Transcript
Announcer:
Welcome to CME on ReachMD. This episode is part of the Global Kidney Academy and is brought to you by Medtelligence.
Prior to beginning the activity, please be sure to review the faculty and commercial support disclosure statements as well as the learning objectives.
[CHAPTER 1]
Dr. Cozzolino:
We know that patients with chronic kidney disease have a high risk for developing secondary hyperparathyroidism, or SHPT. If left untreated, SHPT can lead to bone fractures, cardiovascular problems, and increased mortality. So what are the underlying mechanisms of secondary hyperparathyroidism in chronic kidney disease? And what insights can clinical trial data provide that can help us better manage our patients with secondary hyperparathyroidism in non-dialysis CKD?

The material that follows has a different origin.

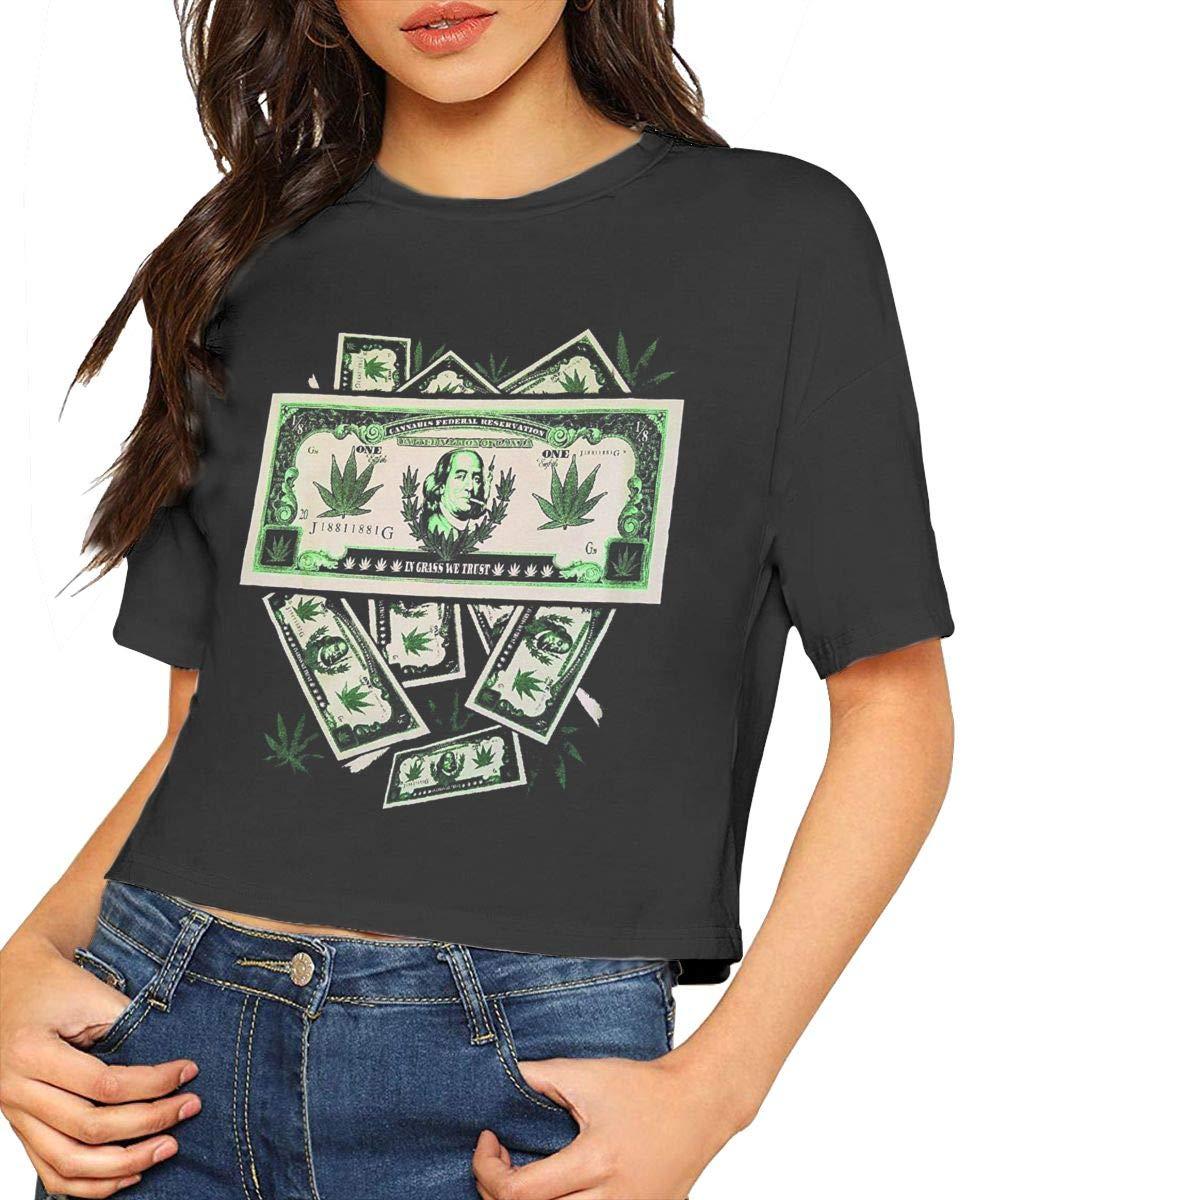 Lizdxtas Money In Grass We Trust Sexy Navel,fashion Classic T Shirt
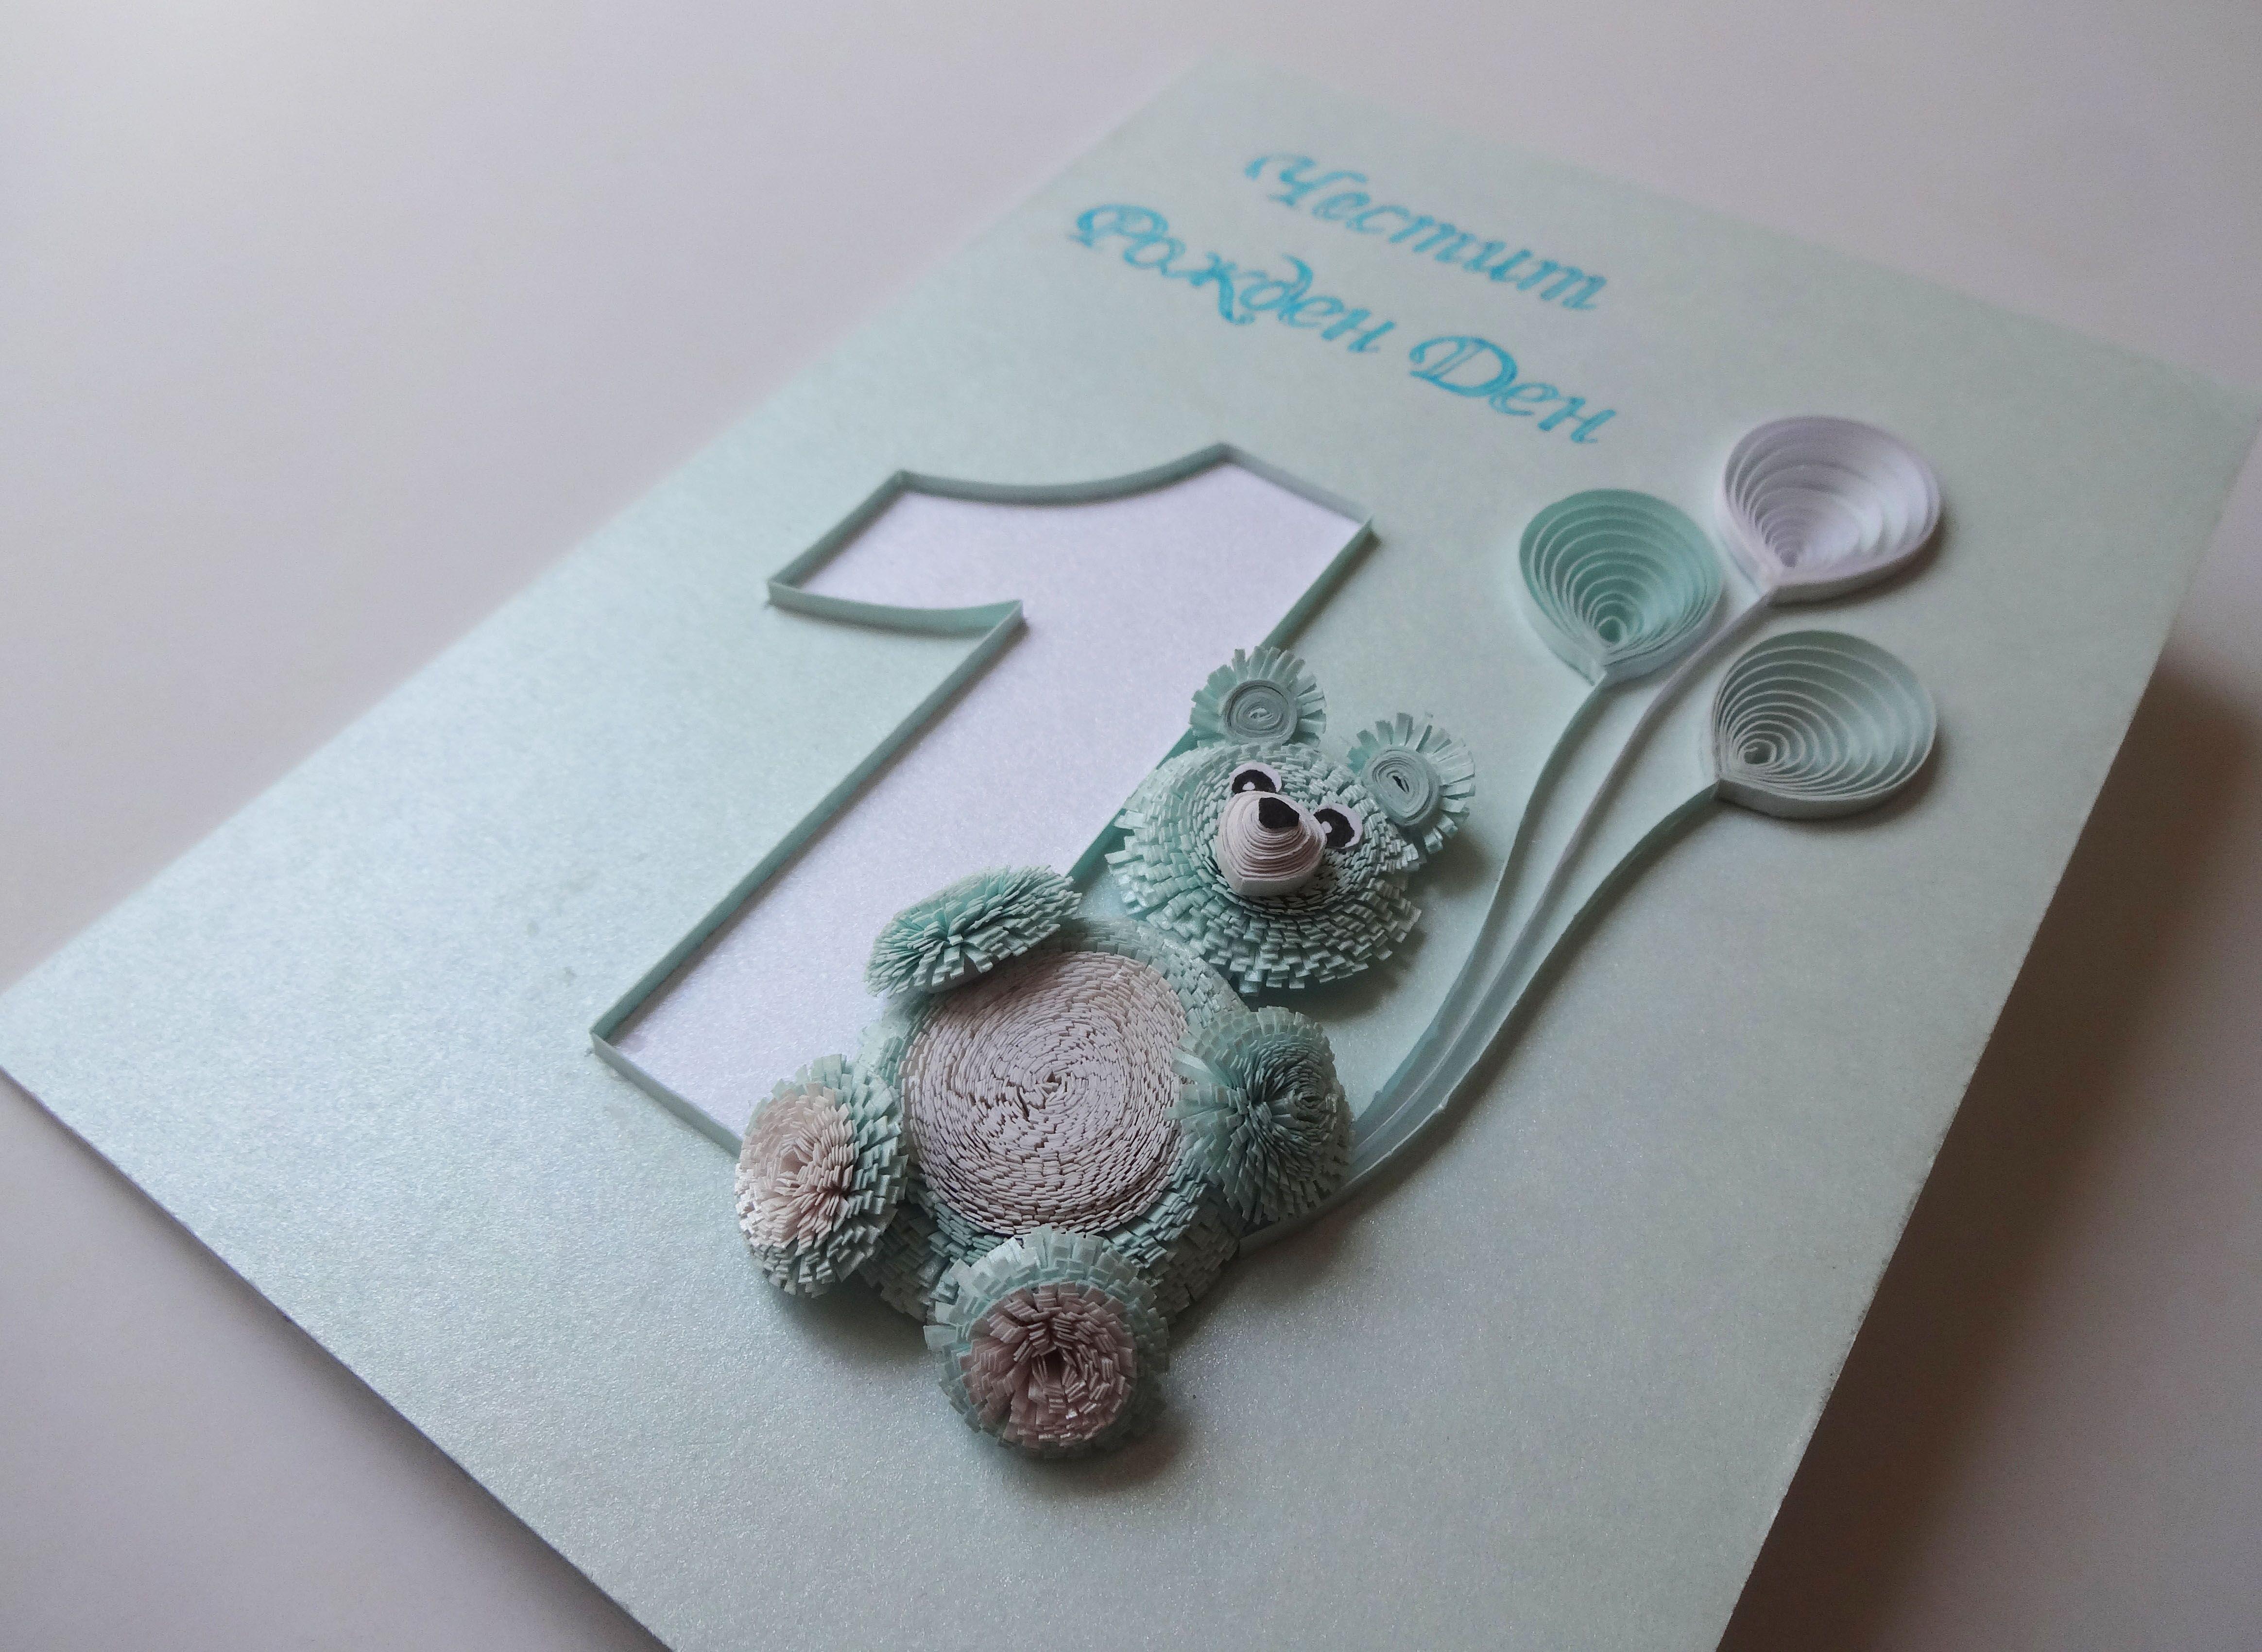 Quilled 1st Birthday Card with Teddy Bear by TipTopArtShop

This is CME on ReachMD, and I am Dr. Mario Cozzolino.
Dr. Kielstein:
And I'm Dr. Jan Kielstein.
Dr. Cozzolino:
We have a lot to discuss today, so let's begin.
In the first chapter, we will look at the relationship between vitamin D status and secondary hyperparathyroidism in chronic kidney disease patients. Jan, to get us started, can you give us an overview of the pathophysiology of secondary hyperparathyroidism in CKD and how this disease can impact our patients’ quality of life?
Dr. Kielstein:
Thank you for this question, Mario. This is a very important one. Our kidneys do exciting things. They eliminate toxins and metabolites, they eliminate water from the body, but they're also producing things. And one of the exciting products of the kidney is active vitamin D. And as kidney function declines, the production of active vitamin D also declines, and this represents a silent threat. Why is that so? Well, they’re countermeasures. When you have a decrease in active vitamin D levels in the body, your parathyroid glands will produce more PTH [parathyroid hormone]. This, at first, makes sense because it makes sure that you will not suffer hypocalcemia. But if it persists, it destroys your bone structure, and it will eventually lead to calcification of your blood vessels. So controlling hyperparathyroidism is important to prevent CKD-MBD [chronic kidney disease-mineral and bone disorder]. That means the vascular calcifications, heart disease, and the bone disease that comes with chronic kidney disease.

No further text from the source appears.